- Oakford Park Location within the state of Florida
- Coordinates: 27°56′54″N 82°30′1″W﻿ / ﻿27.94833°N 82.50028°W
- Country: United States
- State: Florida
- County: Hillsborough
- City: Tampa

Population (2010)
- • Total: 1,473
- Time zone: UTC-5 (Eastern (EST))
- • Summer (DST): UTC-4 (EDT)
- ZIP codes: 33607 and 33609

= Oakford Park =

Oakford Park is a neighborhood within the city limits of Tampa, Florida. As of the 2010 census the neighborhood had a population of 1,473. The ZIP Codes serving the neighborhood are 33607 and 33609. The neighborhood is home to the WTVT-Channel 13 studios.

==Geography==
Oakford Park boundaries are Kennedy Boulevard to the south, the MacDill Avenue to the east, Dale Mabry Highway to the west, and Cypress Street to the north.

==Demographics==
Source: Hillsborough County Atlas

At the 2010 census there were 1,473 people and 610 households residing in the neighborhood. The population density was 4,090/mi^{2}. The racial makeup of the neighborhood was 78% White, 10% African American, 0% Native American, 0% Asian, 6% from other races, and 3% from two or more races. Hispanic or Latino of any race were 48%.
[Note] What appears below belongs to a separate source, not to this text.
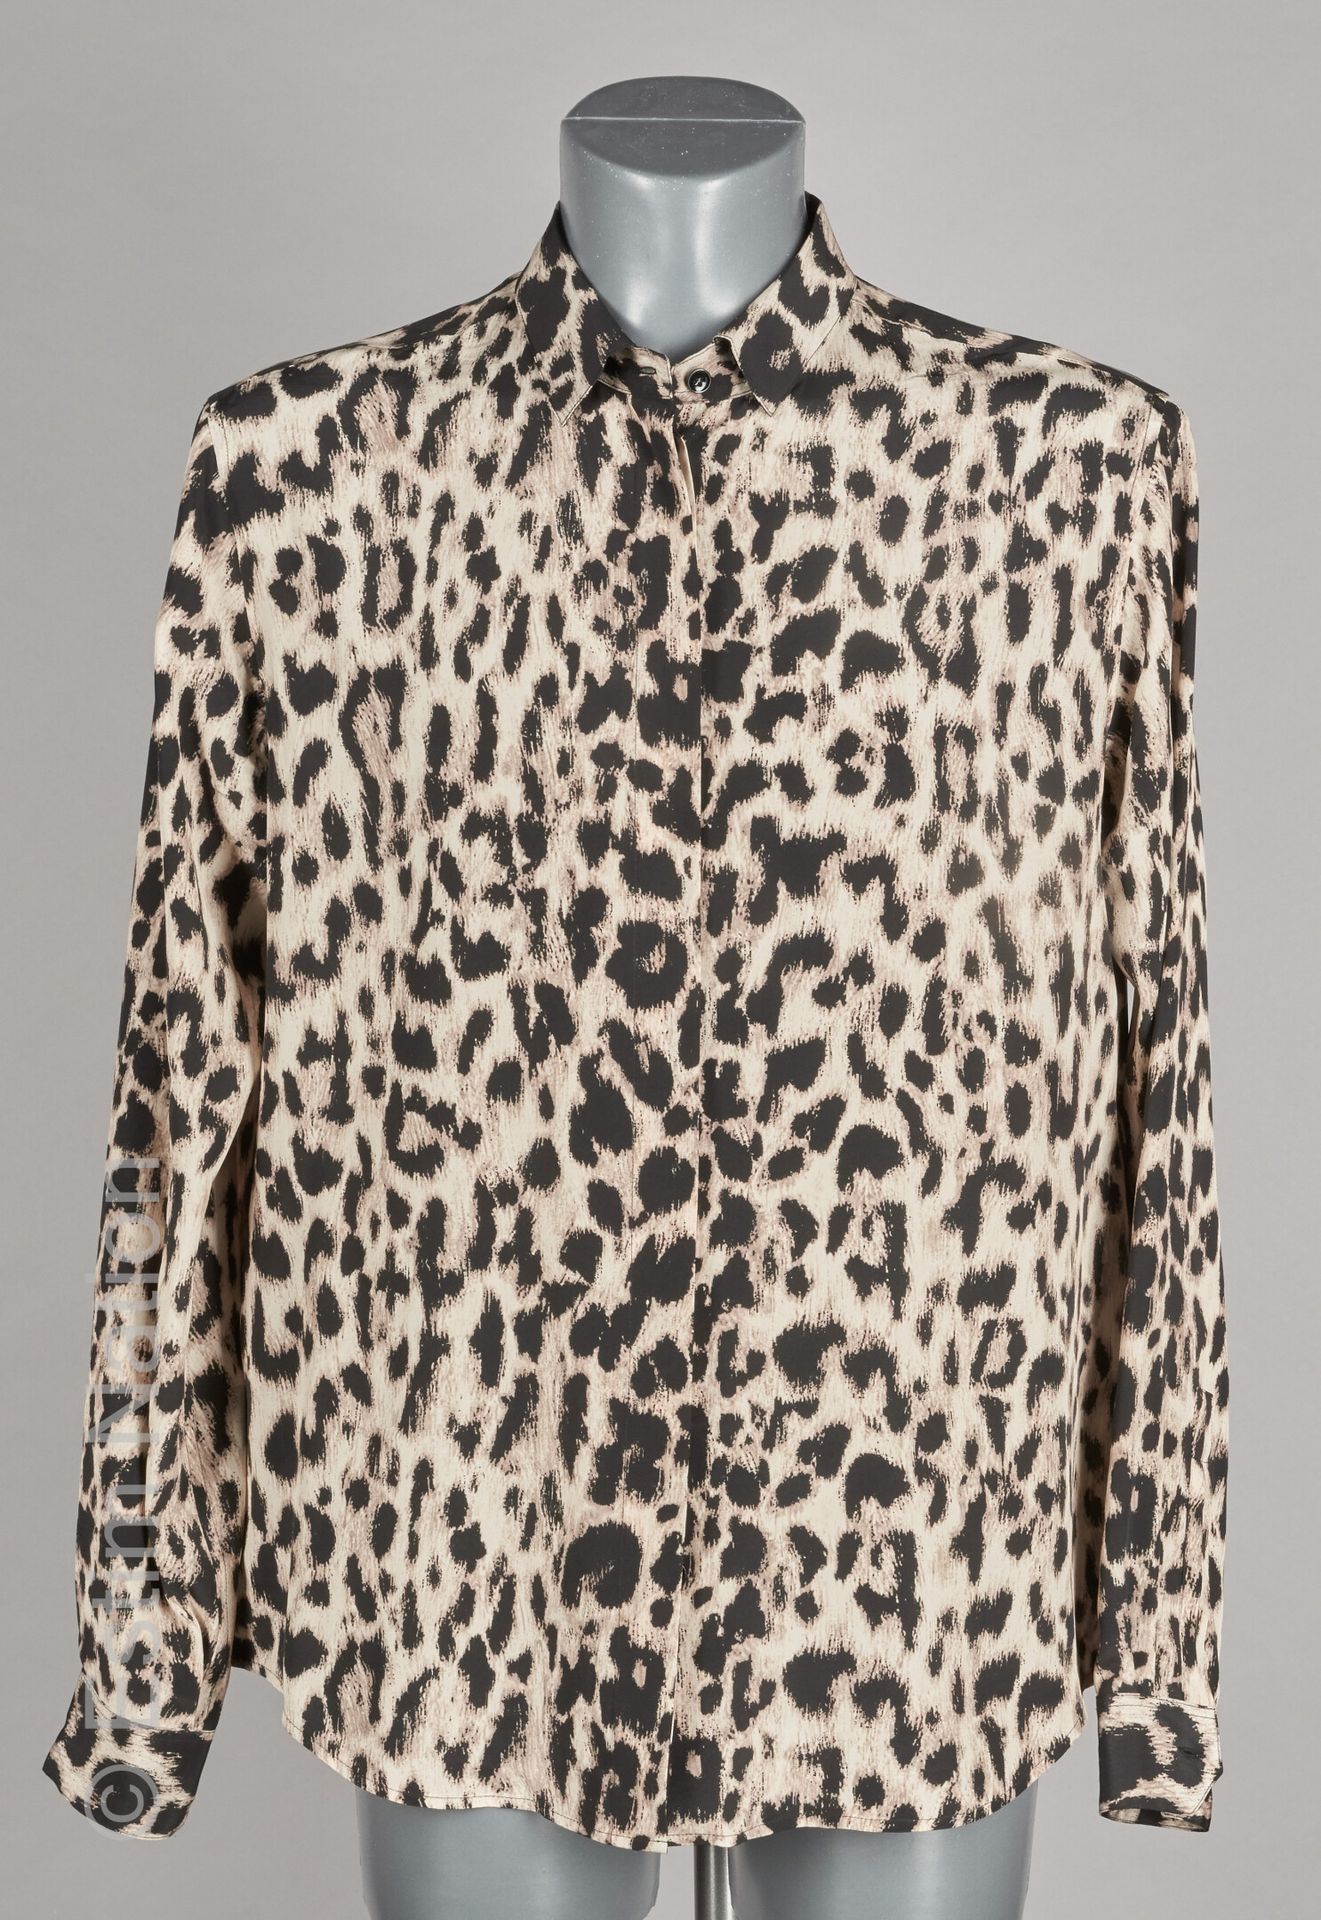 SAINT LAURENT PARIS (2017) Camicia di seta con stampa leopardo (Taglie 44)

Of the 610 households 21% had children under the age of 18 living with them, 37% were married couples living together, 15% had a female householder with no husband present, and 10% were non-families. 30% of households were made up of individuals.

The age distribution was 17% under the age of 18, 19% from 18 to 34, 23% from 35 to 49, 20% from 50 to 64, and 22% 65 or older. For every 100 females, there were 92.5 males.

The per capita income for the neighborhood was $20,430. About 17% of the population were below the poverty line, 22% of those are under the age of 18.